You’ll Never Have Nothing to Read Again

“Nothing can compete with the shimmering immediacy of now,” grumps David Carr: well, if we must access Bill Hader’s thorough and fairly excellent list of book recommendations via the internet, so be it:

What are your literary guilty pleasures? Do you have a favorite genre?

I don’t believe in the term “guilty pleasure,” because it implies I should feel ashamed for liking something. A real guilty pleasure would be, I don’t know, taking gratification in some stranger’s ghastly death or something — which I guess I do enjoy, because I read a ton of true crime. So, O.K., O.K., I have a guilty pleasure, and it’s true crime. […] Good true-crime books: David Simon’s “Homicide”; “In Cold Blood” (obviously); “Columbine,” by Dave Cullen; “Under the Banner of Heaven,” by Jon Krakauer; “The Devil in the White City,” by Erik Larson; “In Broad Daylight,” by Harry N. MacLean; “Shot in the Heart,” by Mikal Gilmore; “A Wilderness of Error,” by Errol Morris.

Elsewhere, of course, the New Yorker’s just unpaywalled their archive from 2007 on.
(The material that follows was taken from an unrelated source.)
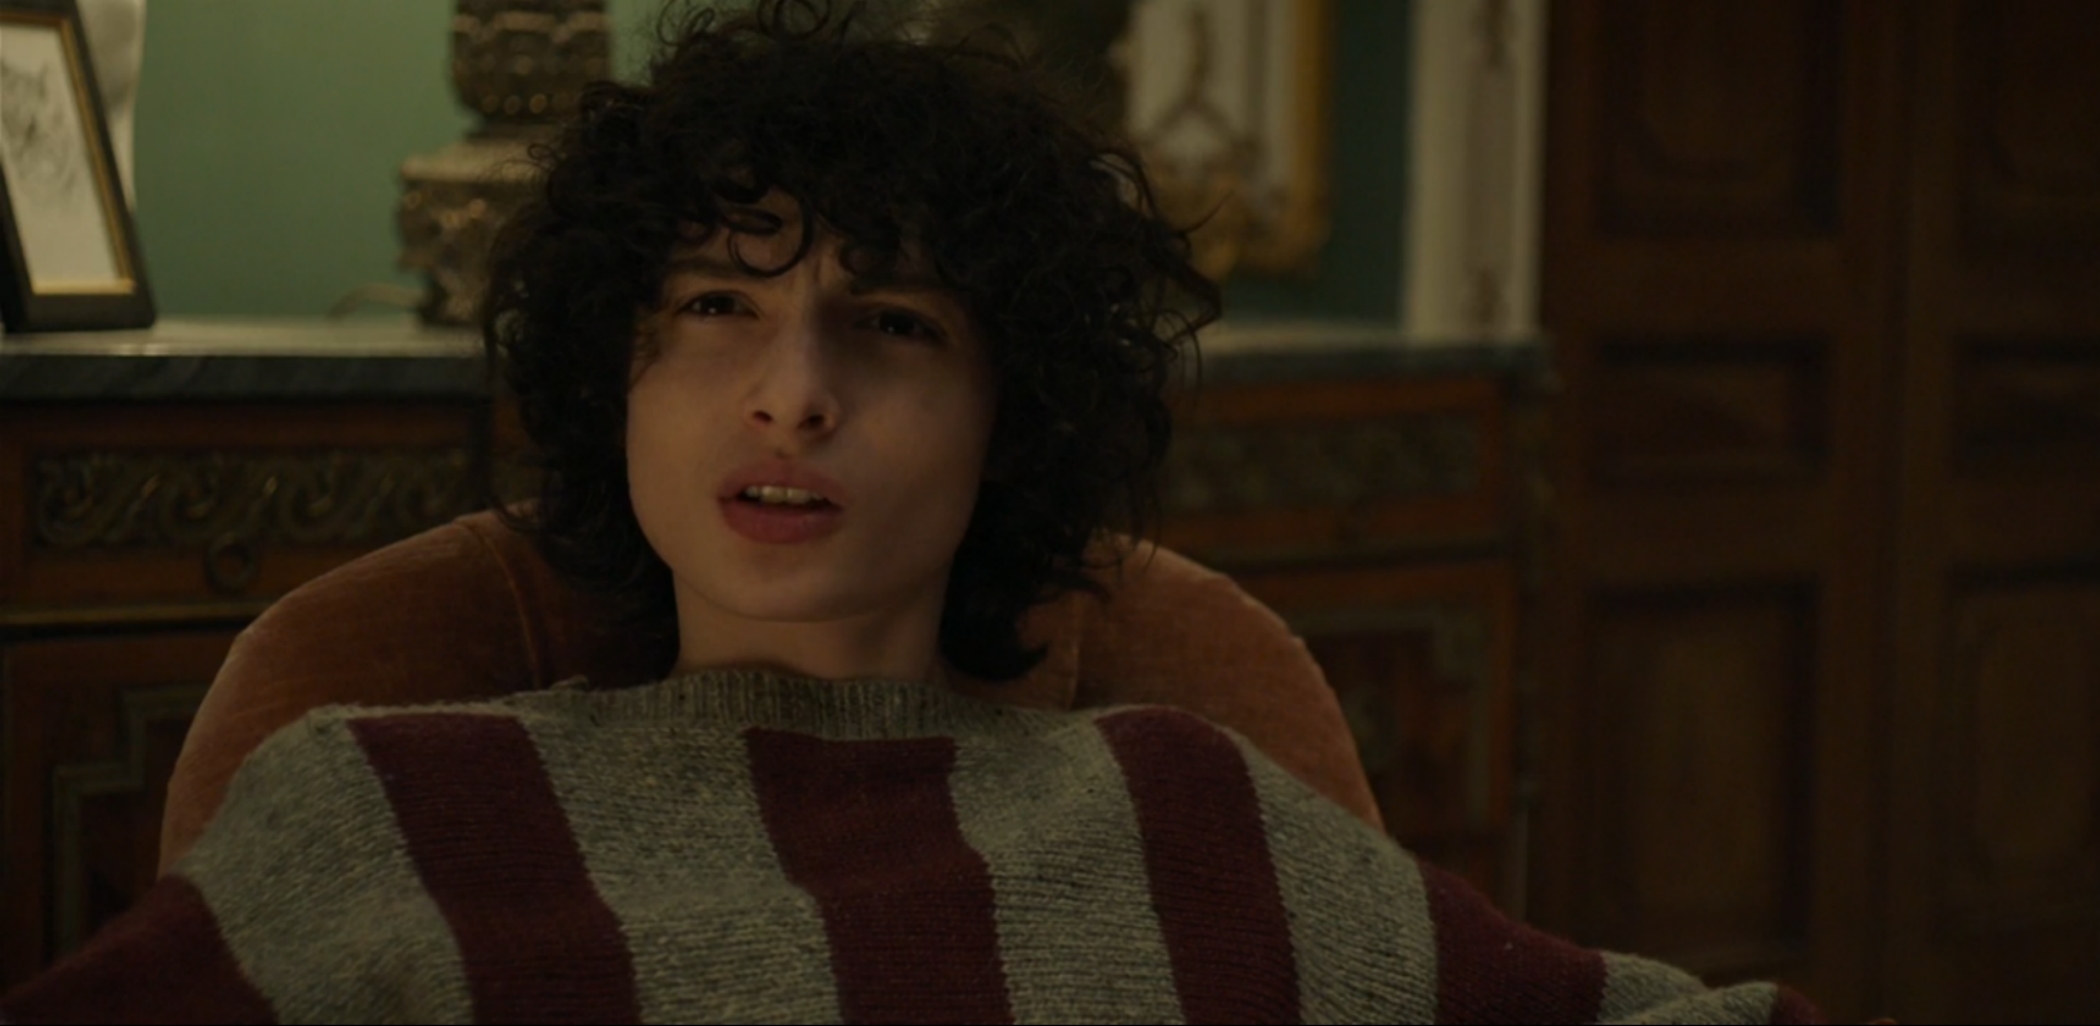 Finn Wolfhard in The Turning

Longform’s got 25 recommendations culled from these new releases (my favorites from this list, shimmering immediately, are Tad Friend’s “Crowded House” and John Colapinto’s “The Interpreter”), and I am most excited personally to reread Sarah Payne Stuart’s gorgeous, quiet “Pilgrim Mothers” and Atul Gawande’s masterpiece of nightmare “The Itch.